Task to complete: The answer must consist solely of the lines from the line with "Jardim-de-inverno-com-piso-de-madeirajpg" to the final line of the data below, reproduced exactly, pictures omitted.

Given material:
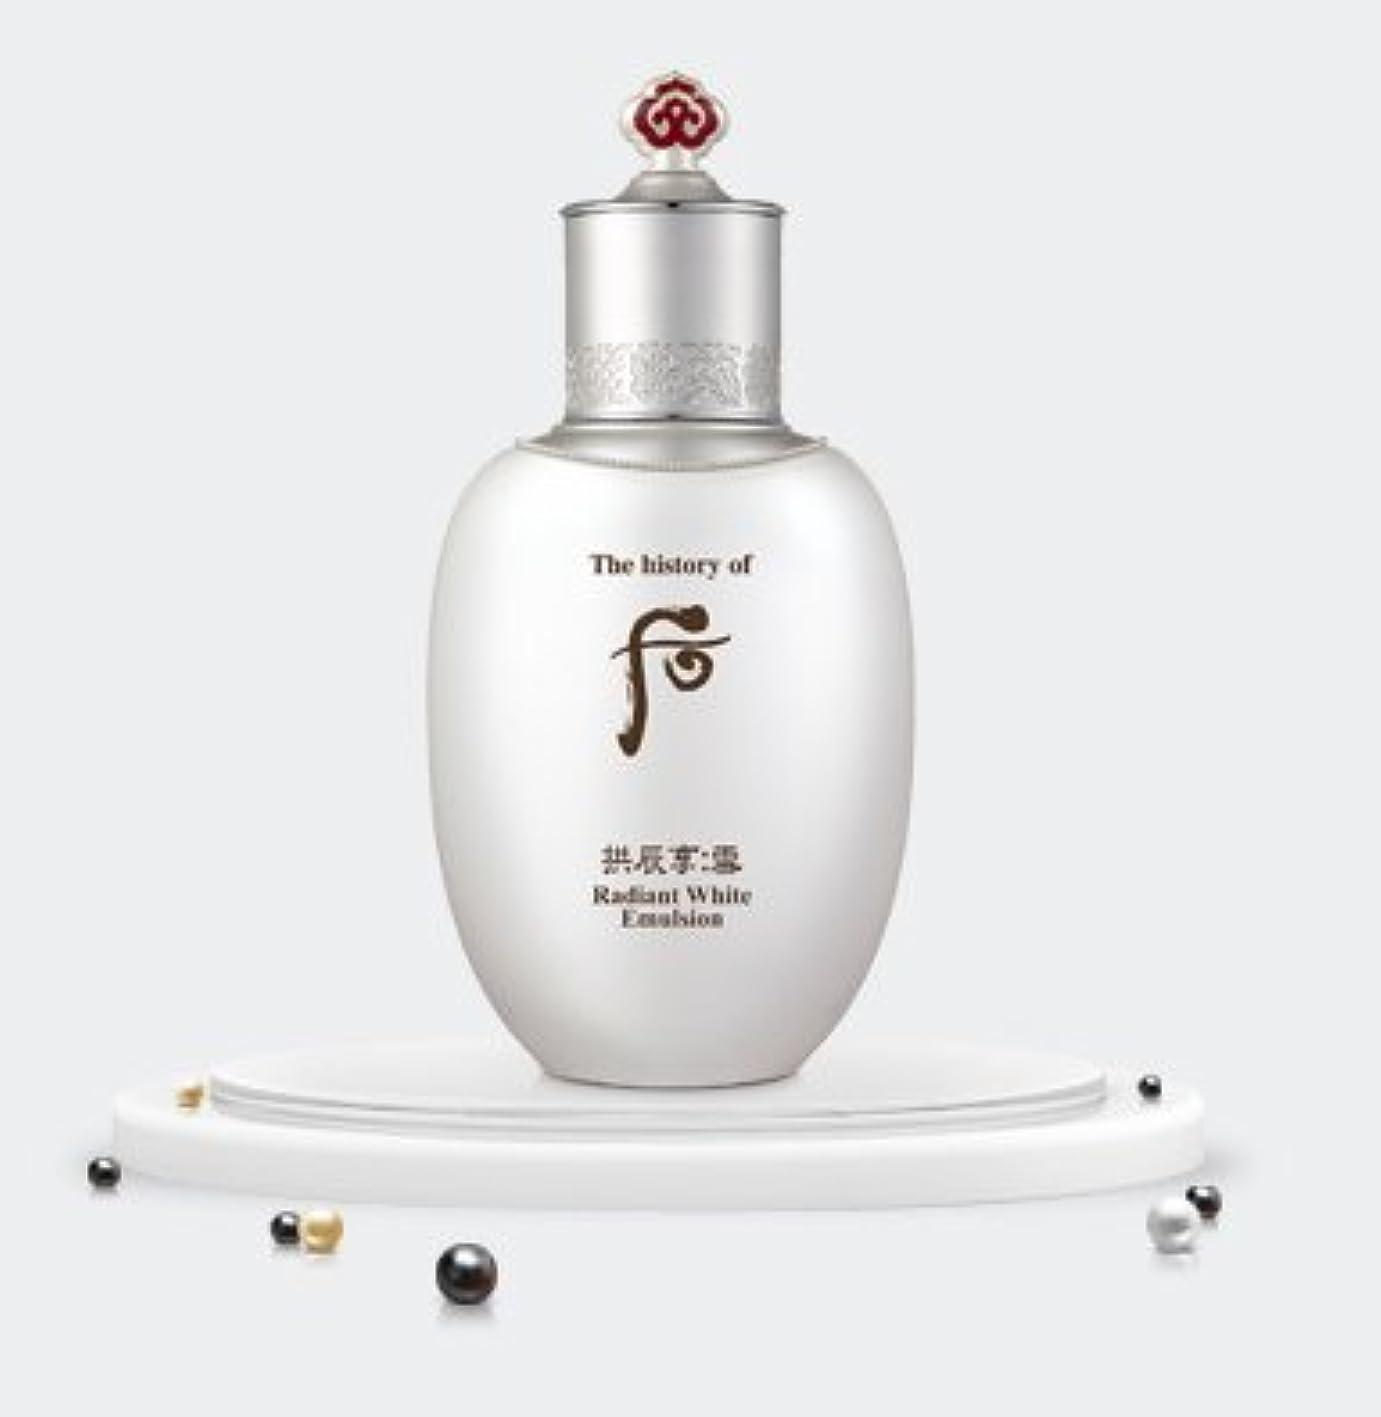 ポータブル存在するThe History of Whoo Gongjinhyang: Seol Whitening Lotion 110ml K-beauty[並行輸入品]
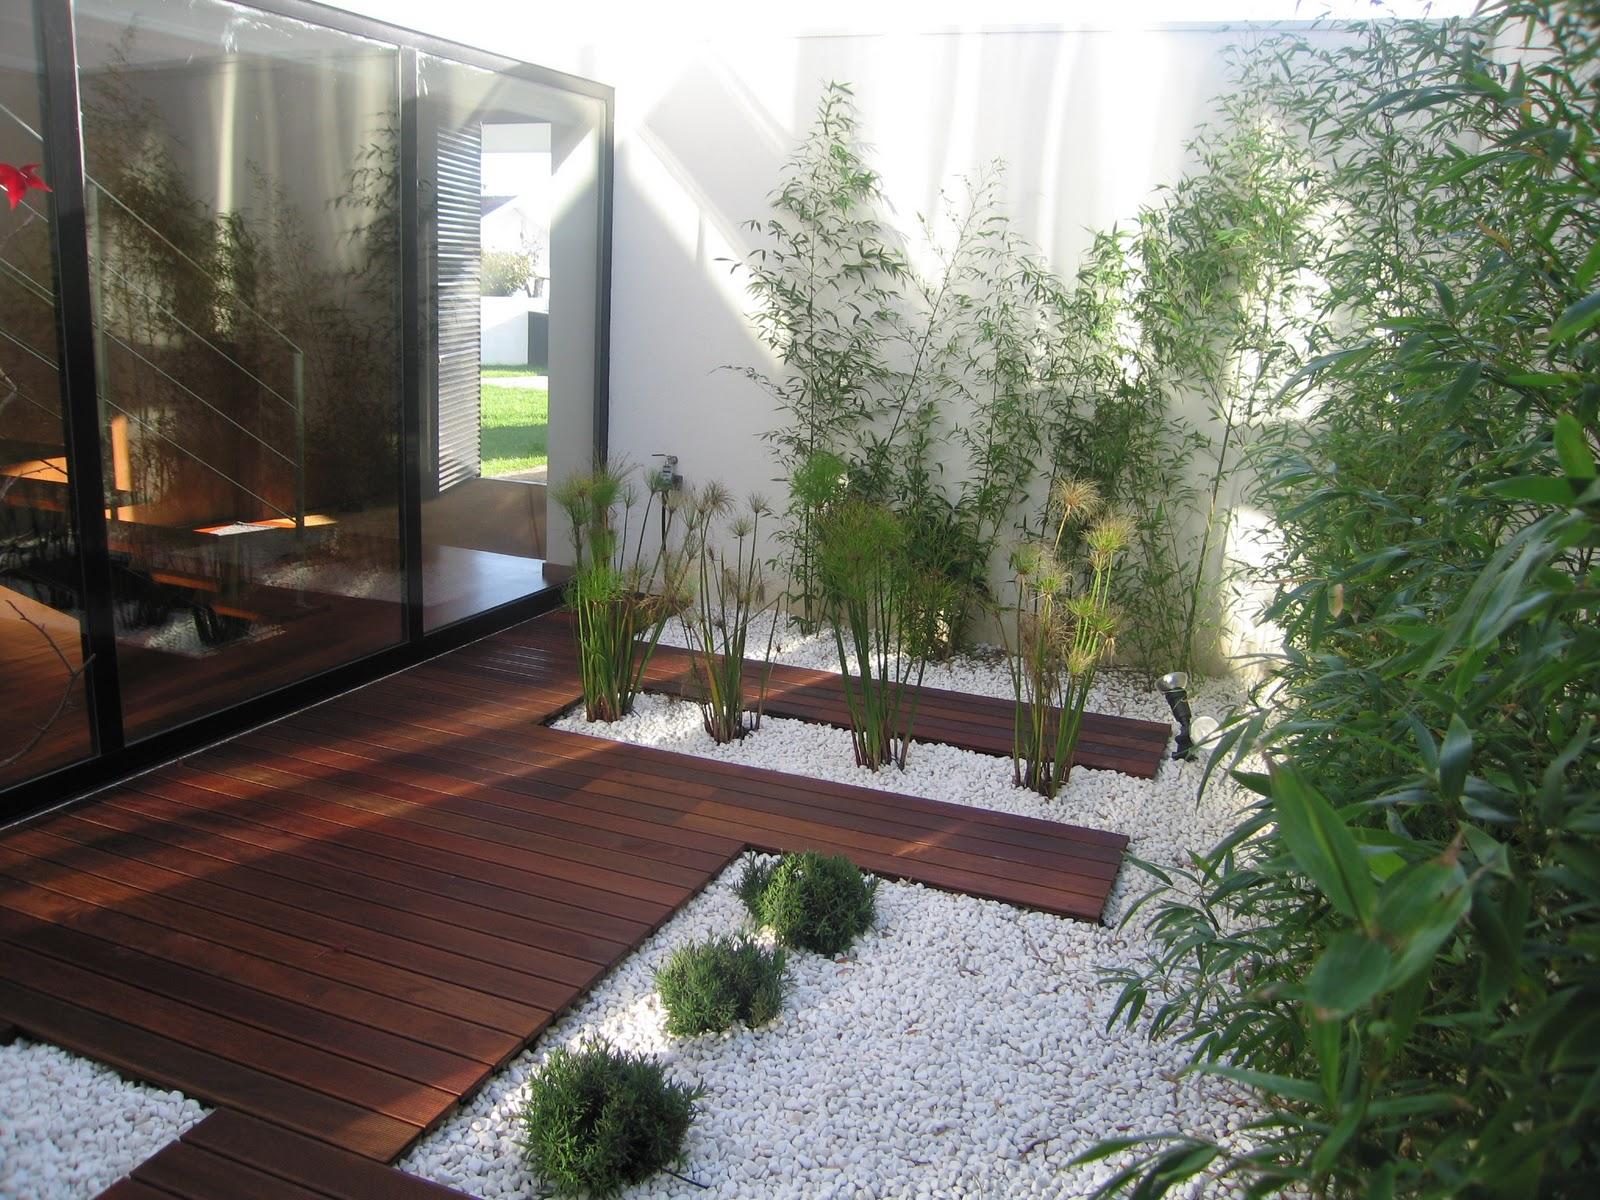 Jardim-de-inverno-com-piso-de-madeirajpg
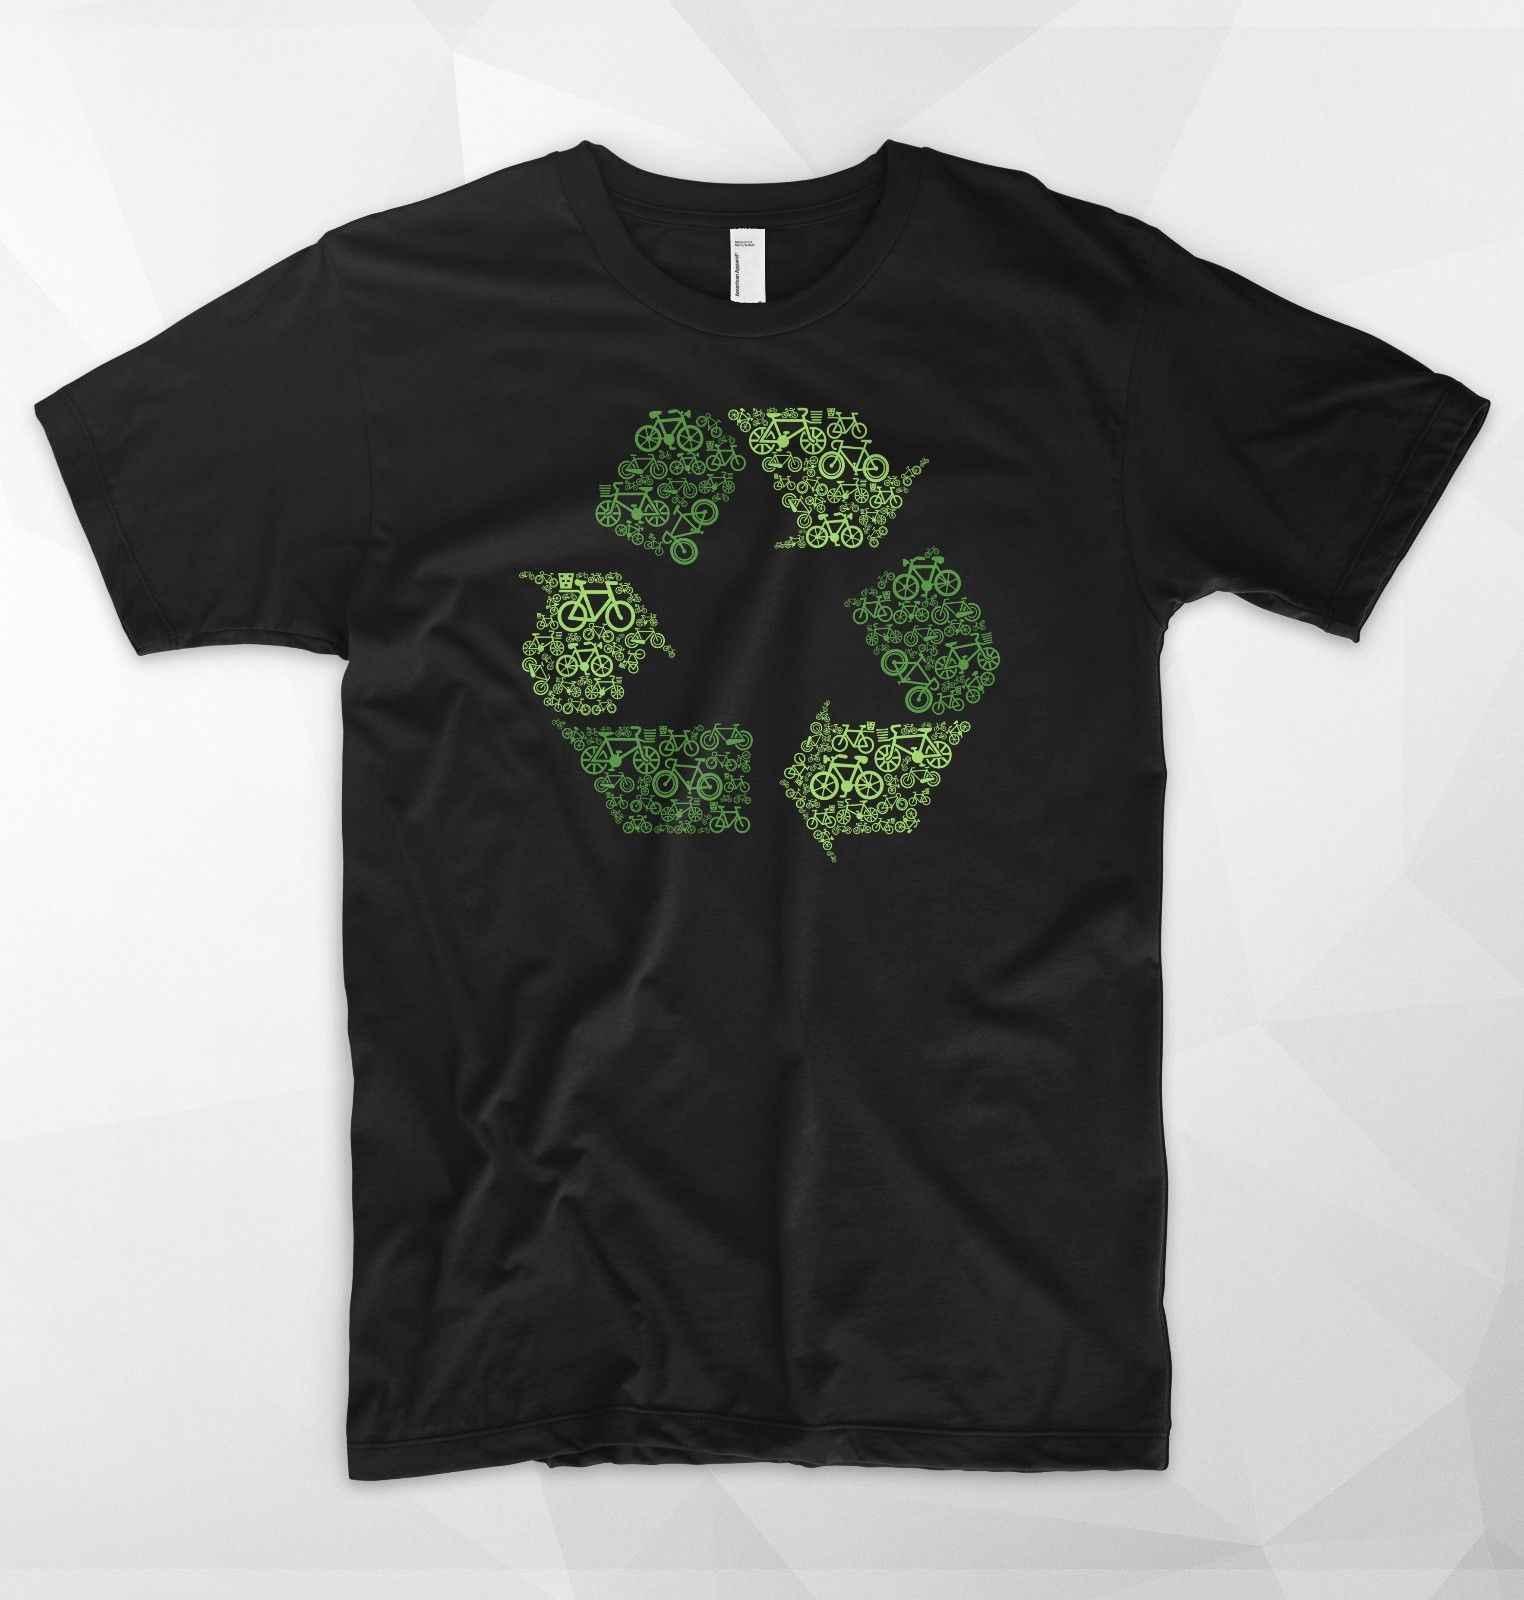 Geri dönüşüm Logosu T Shirt Üst Bisiklet Ekoloji Çevre WWF Greenpeace Vegan Hayvanlar
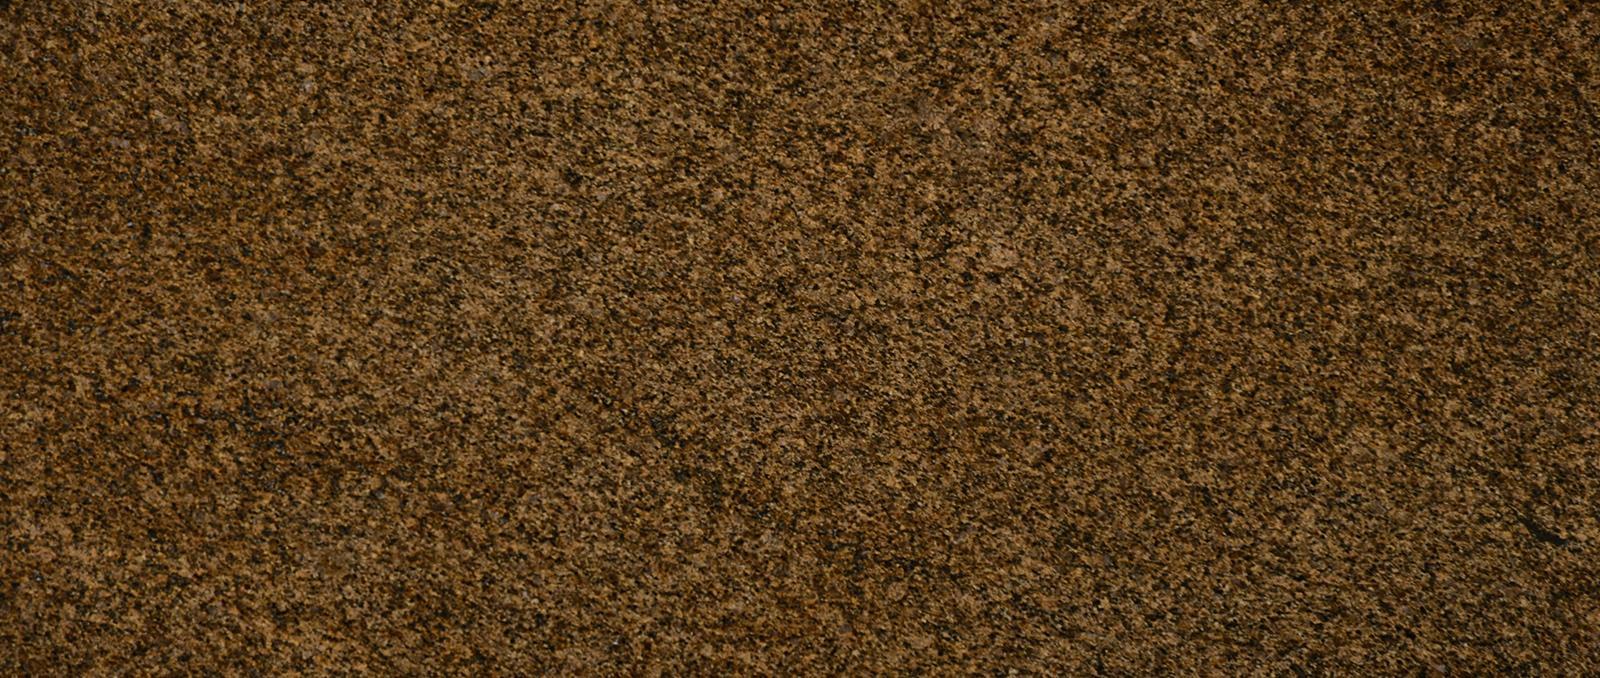 vreaupiatra-granit-tropic-brown-banner

Reply:
 Jardim-de-inverno-com-piso-de-madeirajpg
 Geri dönüşüm Logosu T Shirt Üst Bisiklet Ekoloji Çevre WWF Greenpeace Vegan Hayvanlar
 vreaupiatra-granit-tropic-brown-banner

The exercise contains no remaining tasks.